Airbnb photography metric:
Hypothesis: hosts with professionally photographed homes will get more business and sign up for this as a service. Airbnb took the Concierge MVP approach and sent professional photographers to take pictures of hosts’ homes. Initial tests with this MVP showed that listings featuring professional photographs received 2-3X more bookings. The new metric they began to monitor was shoots per month (already knew it resulted in more bookings). 

Good metrics:
Comparative, understandable, a ratio or rate, changes the way you behave (actionable). 

Total signups = a vanity metric. “Total active users” is a bit more insightful, but even better is “percent of users who are active.” Tells you the level of engagement users have with your product. 

Be data-informed, not data-driven:
Slippery slope towards overanalyzing: “Using data to optimize one part of your business, without stepping back and look at the big picture can be dangerous – even fatal.”

Analytics frameworks for building a successful business:
Pirate metrics: AARRR - acquisition, activation, retention, revenue, referral. 

Learn Startup, engines that drive growth: sticky, virality, payment. 

Sean Ellis’s Growth Pyramid: product market fit, stack the odds (find defensible unfair advantage), scale growth.

Lean analytics: empathy, stickiness, vitality, revenue, scale.

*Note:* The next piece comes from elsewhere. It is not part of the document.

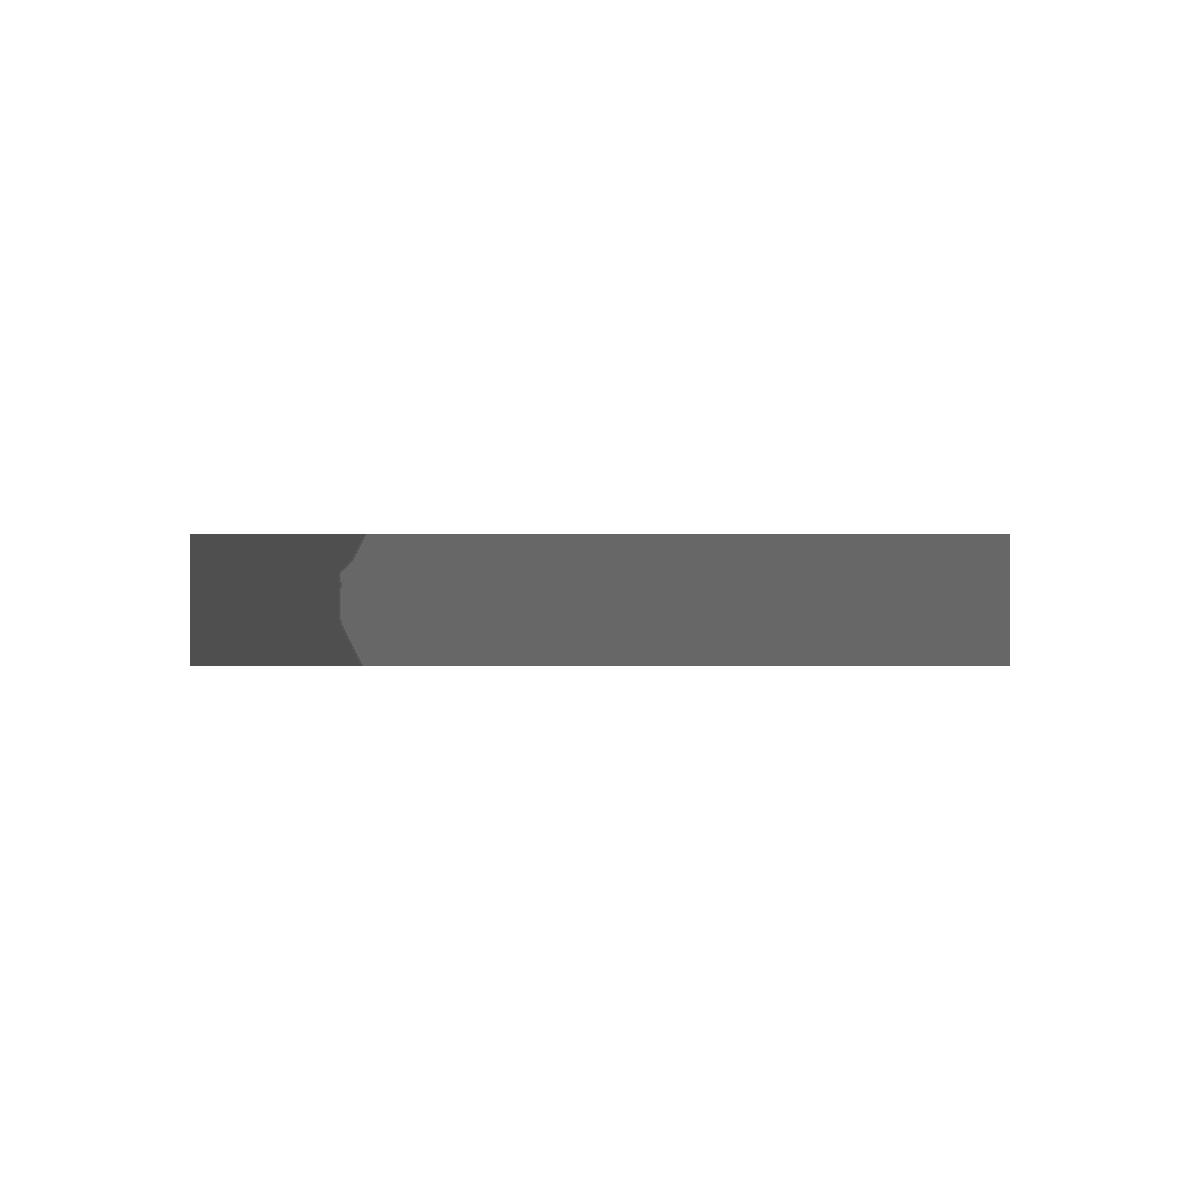 guideware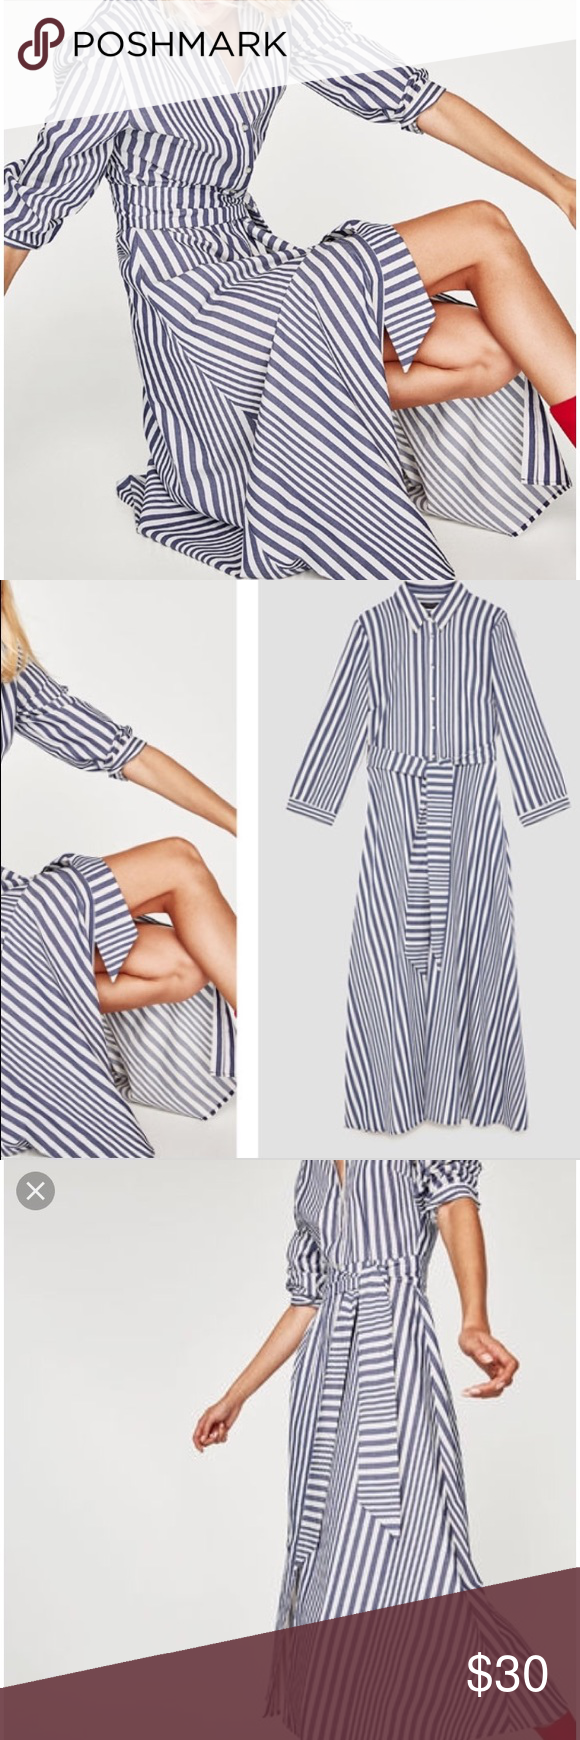 b3b0de13 Zara Blue White Striped Shirt Dress Long Sleeve M Zara Woman Blue and white  vertical striped

Each of these has a gate required before you’re able to move forward (page 53). 

Two-sided marketplaces:
Start by focusing on whoever has the money, model the buyer side as your primary focus. Harder to find people who want to spend money, than it is people who want to make money. 

When Uber launched in Seattle, they created supply. They overcame chicken-and-egg problem by buying up towncars, paying drivers $30 an hour to drive passengers, and switched to commission once there was sufficient demand. 

Business models vs. business plans:
“Business plans are for bankers; business models are for founders.”

“By knowing the kind of business you are, and the stage you’re at, you can track and optimize the One Metric That Matters to your startup right now. By repeating this process, you’ll overcome many of the risks inherent in early-stage companies or projects, avoid premature growth, and build atop a solid foundation of true needs, well-defined solutions, and satisfied customers.”

Empathy (stage 1):
Primary job is to get inside someone else’s head. Discovering and validating a real problem. Then find out if your proposed solution is likely to work. Interview at least 15 people at each stage. 

Goal of this stage is to determine whether the problem is painful enough for enough people and they’re already trying to solve it. 

“Always know what risk you’re eliminating, and then design the minimum functionality to measure whether you’ve overcome it.”

Stickiness (stage 2):
Focus is squarely on retention and engagement. Are people using product as expected? Are they getting enough value out of it?

Goal of this stage is to build a core set of features that gets used regularly and successfully. 

One in, one out: If a new feature doesn’t improve the one metric that matters most, remove it. 

Major risk is driving new traffic when you’re unable to convert that attention into engagement.

Revenue (stage 4):
Shift focus from proving idea is right to proving you can make money in scalable, self-sustaining way. 

You need to be able to answer these: how big can the business grow, how good can the margins get, and what kind of barriers to entry does it have?

“Users engage with the online world in three postures: creation (often on a computer with a keyboard), interaction (usually with a smartphone), and consumption (with a tablet).”

User groups and feedback:
You can get better answers by asking your customers to make a selection of one alternative from a set of possibilities, rather than asking them to rate something on a scale of 1 to 10. “Would you prefer a delicious, high calorie candy made with artificial ingredients or a bland, low calorie organic candy?”

“Asking customers to trade off variations of combinations, over and over, dramatically improves prediction accuracy.”